Wednesday, May 26, 2010

Past

You may remember that at the weekend I came home from my mother's house with lots of photos. In fact hundreds if not thousands of them in three suitcases and a couple of boxes. Today I pretty much sorted through just one of the suitcases - ruthlessly ditching a couple of armfuls but still left with over a hundred individual photographs that are now arranged in family distribution piles on our dining room table.

The discarding process was sad but necessary. Photos of mum's holidays in various places - Jamaica, Malta, Turkey, Canada, Majorca - holiday friends, harbour scenes, apartment blocks, swimming pools, belly dancers. She was very evidently amateurish behind the camera. Photos of village events at the school, the sports club, the Women's Institute. Photos of various people I didn't know - weddings, babies, banquets. All gone - now jumbled in a big blue "Sakis" menswear bag ready for the recycling bin.

Amongst all these photos - the snapped evidence of a lifetime ceased - there were occasional pictures of my brilliant father, Philip, who was heart attacked to death in September 1979 though it really does seem like yesterday. In my early twenties he was my best friend - I am sure he saw the image of himself in me - and I still miss him.
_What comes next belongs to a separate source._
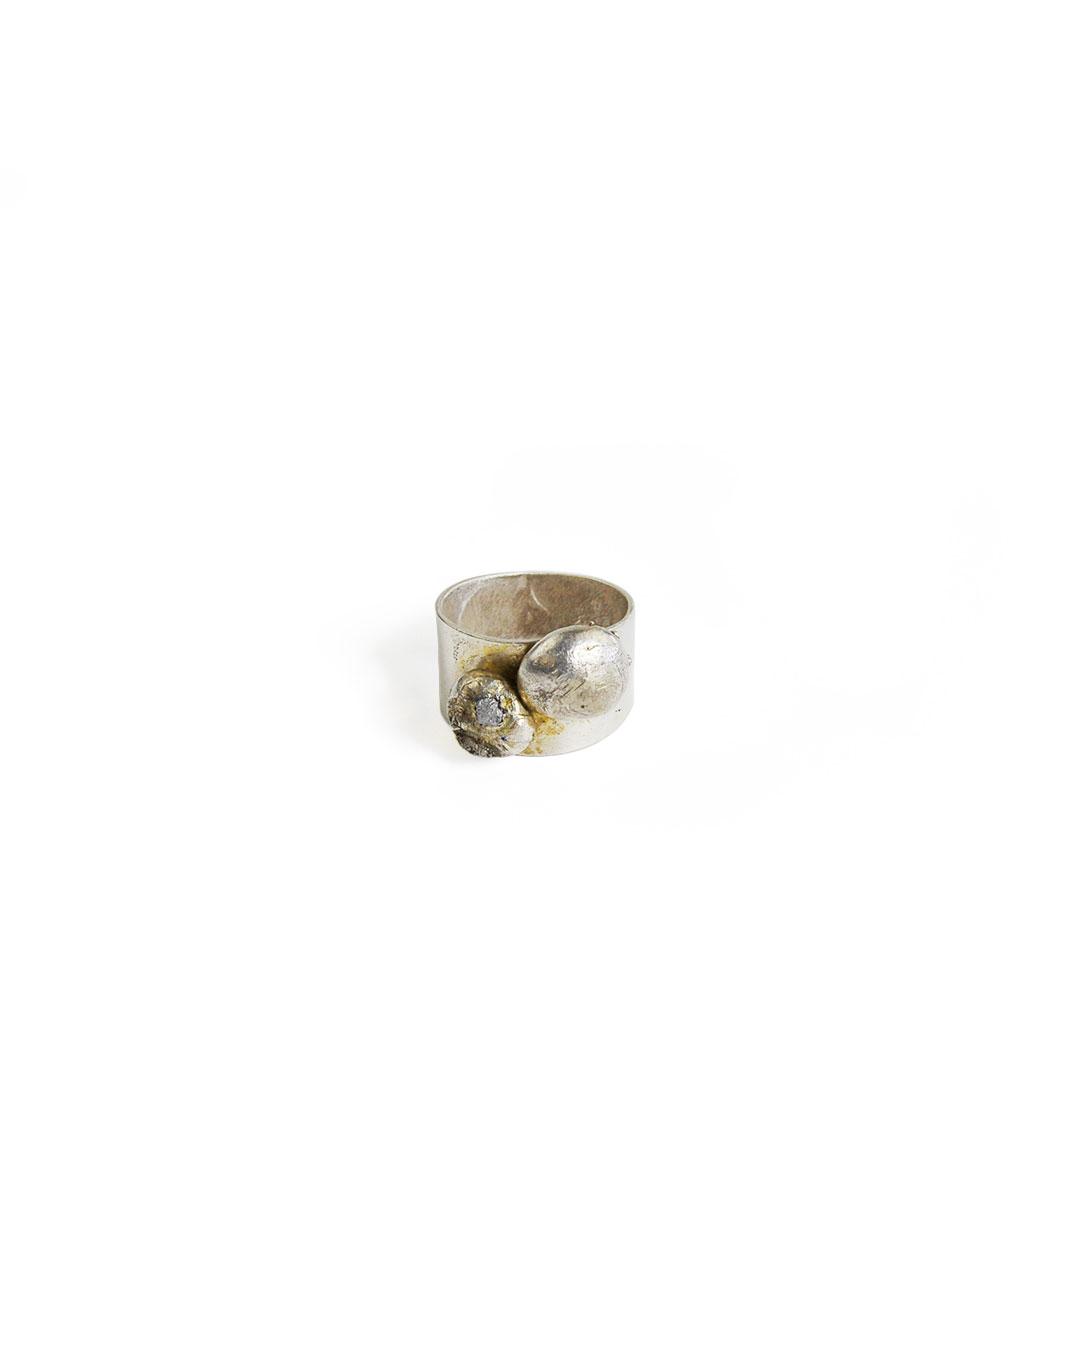 Rudolf Kocéa, untitled, 2014, ring; silver copper alloy, uncut diamonds, ø 19 x 12 mm, €680

I feel quite sad that he wasn't at our wedding and never got to meet the grandchildren Shirley and I produced too late for him to know.

But those three paragraphs above are all just preamble. The main purpose of this post is simply to share with you two photographs I found in the first suitcase. They were taken on October 24th 1981 - our wedding day. Location - St Martin's Parish Church in Owston Ferry, Lincolnshire. In the first photo, moving from left to right there's Simon, my younger brother and best man, my Nana - Phyllis Morris who died in 1988, Mum, me and Shirley, Shirley's mum Winnie who passed away in 2008, Shirley's grandma Minnie Anderson and also my father-in-law Charlie who succumbed to cancer in 2000 and finally Carolyn, Shirley's sister and maid of honour.
Taken a few minutes later, there's me and Shirley with my three bearded brothers. To the right there's Paul of the Irish fiddle in County Clare and Robin of the motorbikes and French gites - way down south near the Pyrenees. Time marches on. How shall we meet tomorrow?